The Lord is your shade at your right hand. Psalm 121:5

Living in Britain, I don’t usually worry about sunburn. After all, the sun is often blocked by a thick cover of clouds. But recently I spent some time in Spain, and I quickly realized that with my pale skin, I could only be out in the sunshine for ten minutes before I needed to scurry back under the umbrella.

As I considered the scorching nature of the Mediterranean sun, I began to understand more deeply the meaning of the image of the Lord God as His people’s shade at their right hand. Residents of the Middle East knew unrelenting heat, and they needed to find shelter from the sun’s burning rays.

The psalmist uses this picture of the Lord as shade in Psalm 121, which can be understood as a conversation on a heart level—a dialogue with oneself about the Lord’s goodness and faithfulness. When we use this psalm in prayer, we reassure ourselves that the Lord will never leave us, for He forms a protective covering over us. And just as we take shelter from the sun underneath umbrellas, so too can we find a safe place in the Lord.

We lift our eyes to the “Maker of heaven and earth” (vv. 1–2) because whether we are in times of sunshine or times of rain, we receive His gifts of protection, relief, and refreshment.




Heavenly Father, You protect me. Shield me from anything that would take my focus away from You.

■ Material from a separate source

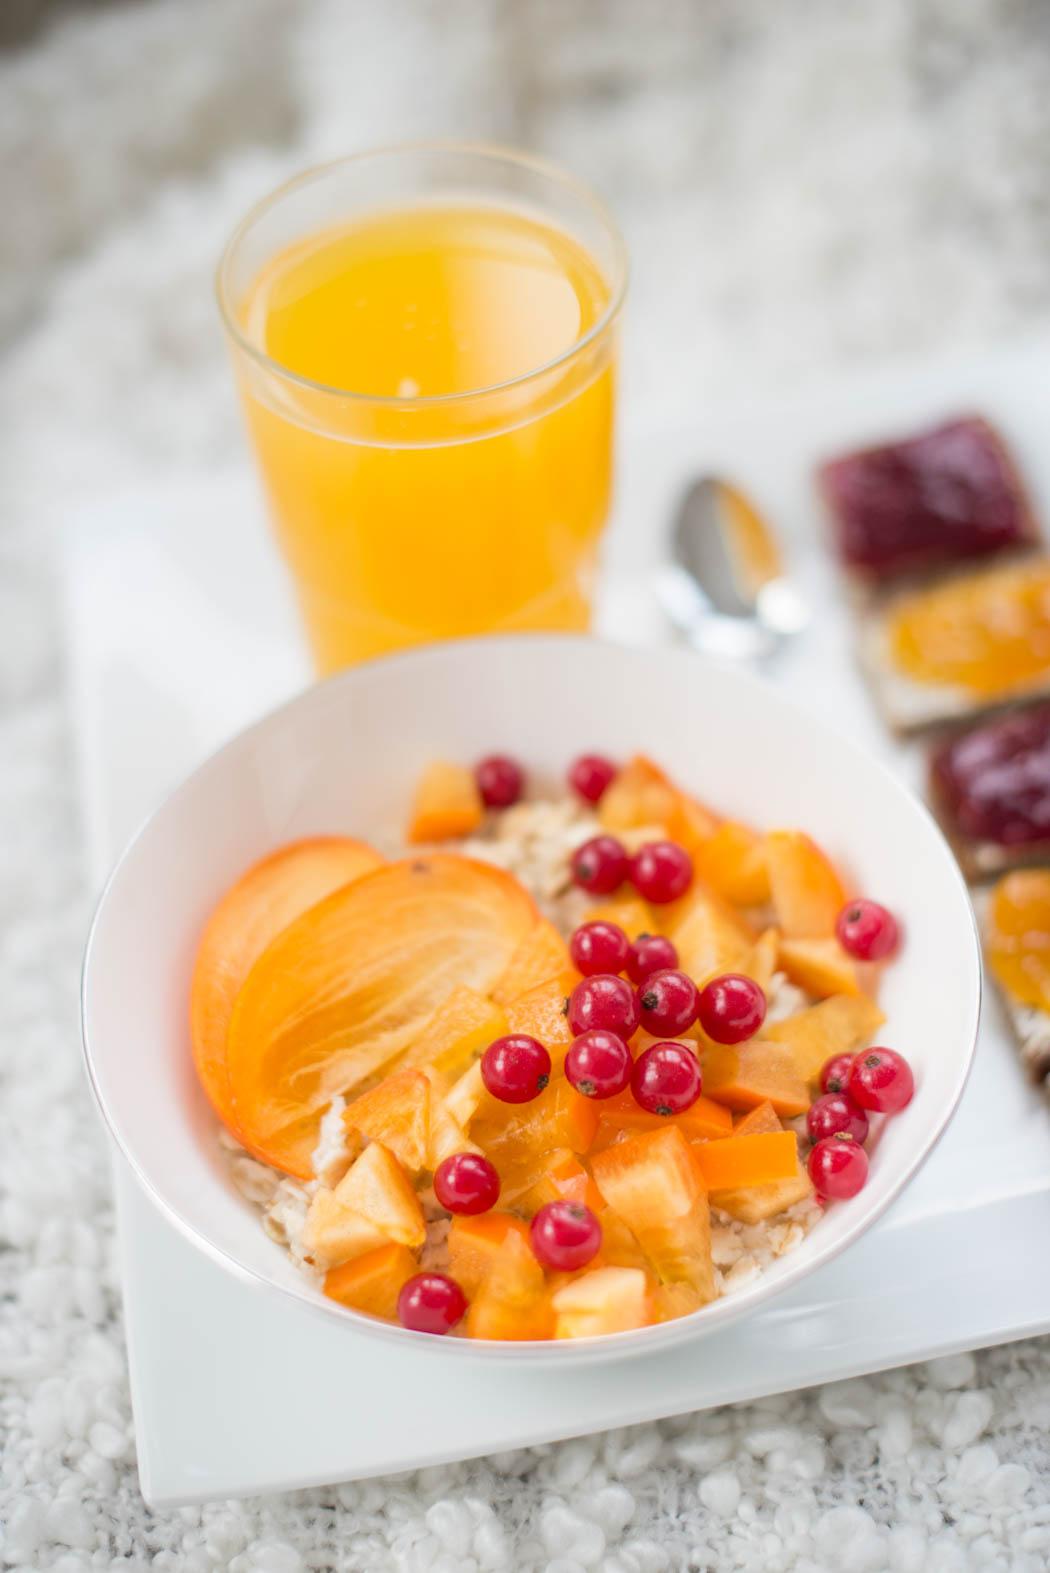 Lindarella-Foodblogger-Frühstücksinspiration-vegan-healthy-4
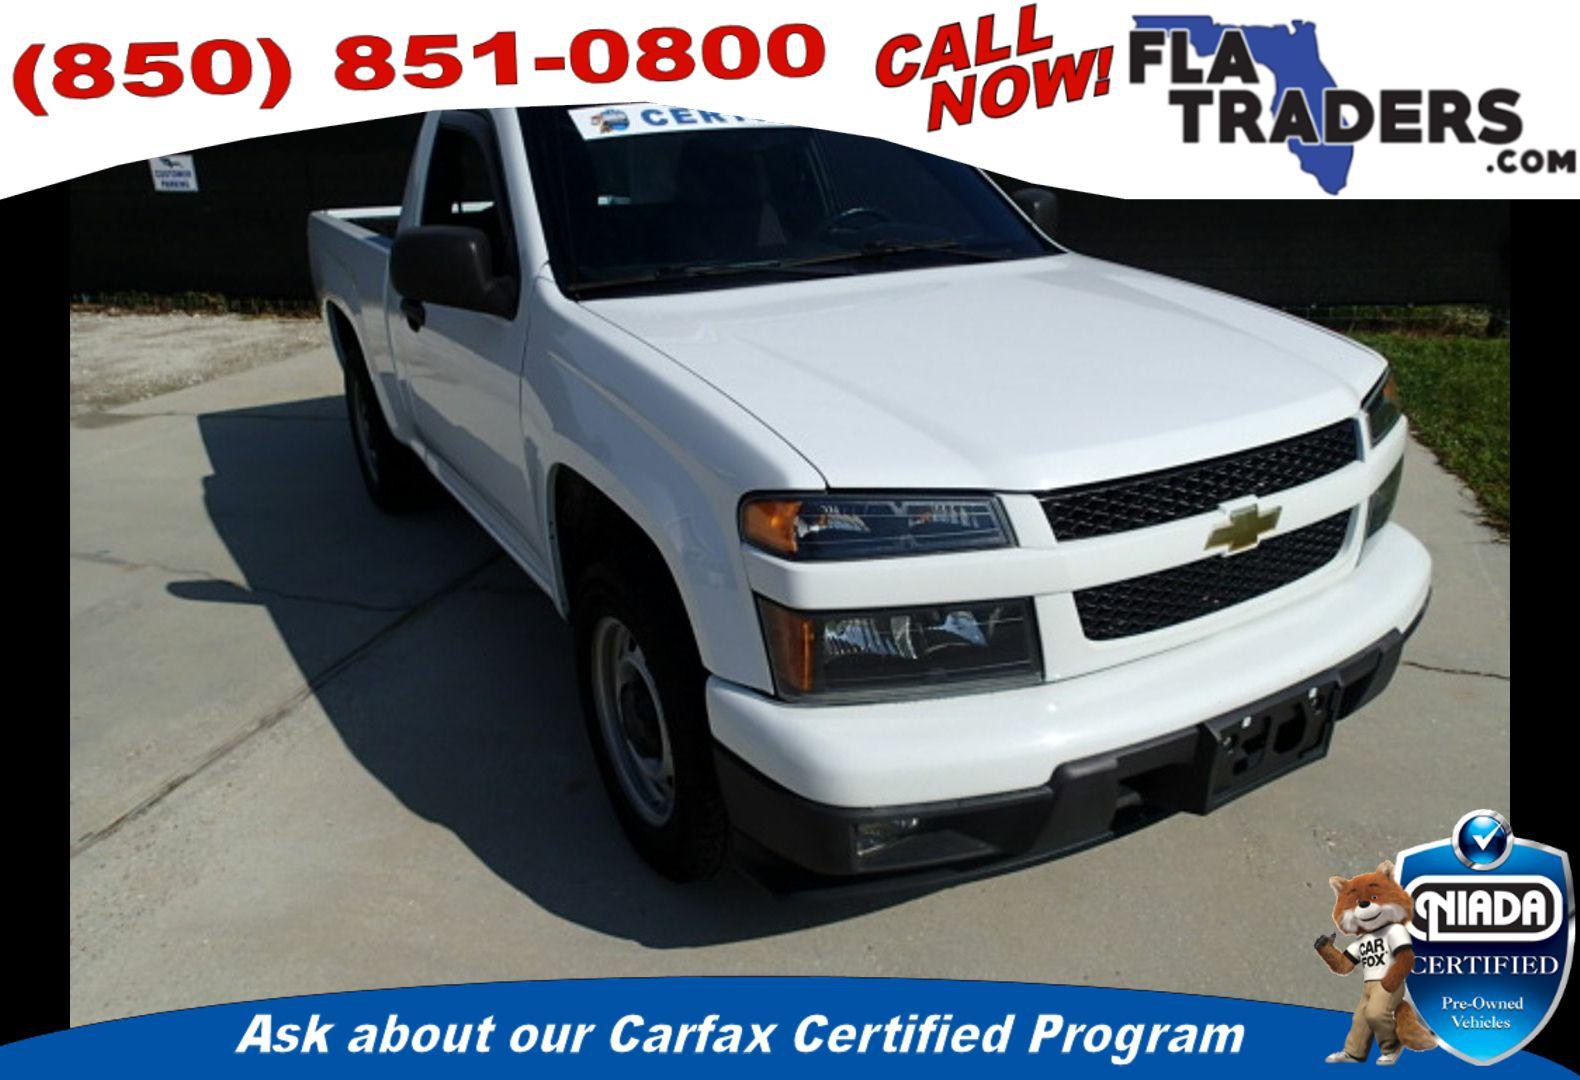 2011 SCION XB - Florida Traders Used Cars in Panama City FL ...

We find refuge in the Lord.



INSIGHT:

Psalm 121 is the second in a series of fifteen psalms known as “songs of ascent.” They are a collection of songs by different composers, with four attributed to David and one to Solomon. Ten are anonymous. If they did not all carry the superscription “a song of ascent,” they might appear unrelated. The superscription, however, shows they are connected in the liturgy of ancient Israel. One view is that they were sung by the Levitical worship leaders (priests) as they ascended the steps into the temple in Jerusalem. The more prevalent view is that these psalms were assembled so that pilgrims traveling to Jerusalem to celebrate the three annual high feasts in community could sing them on their journey (Deut. 16:16).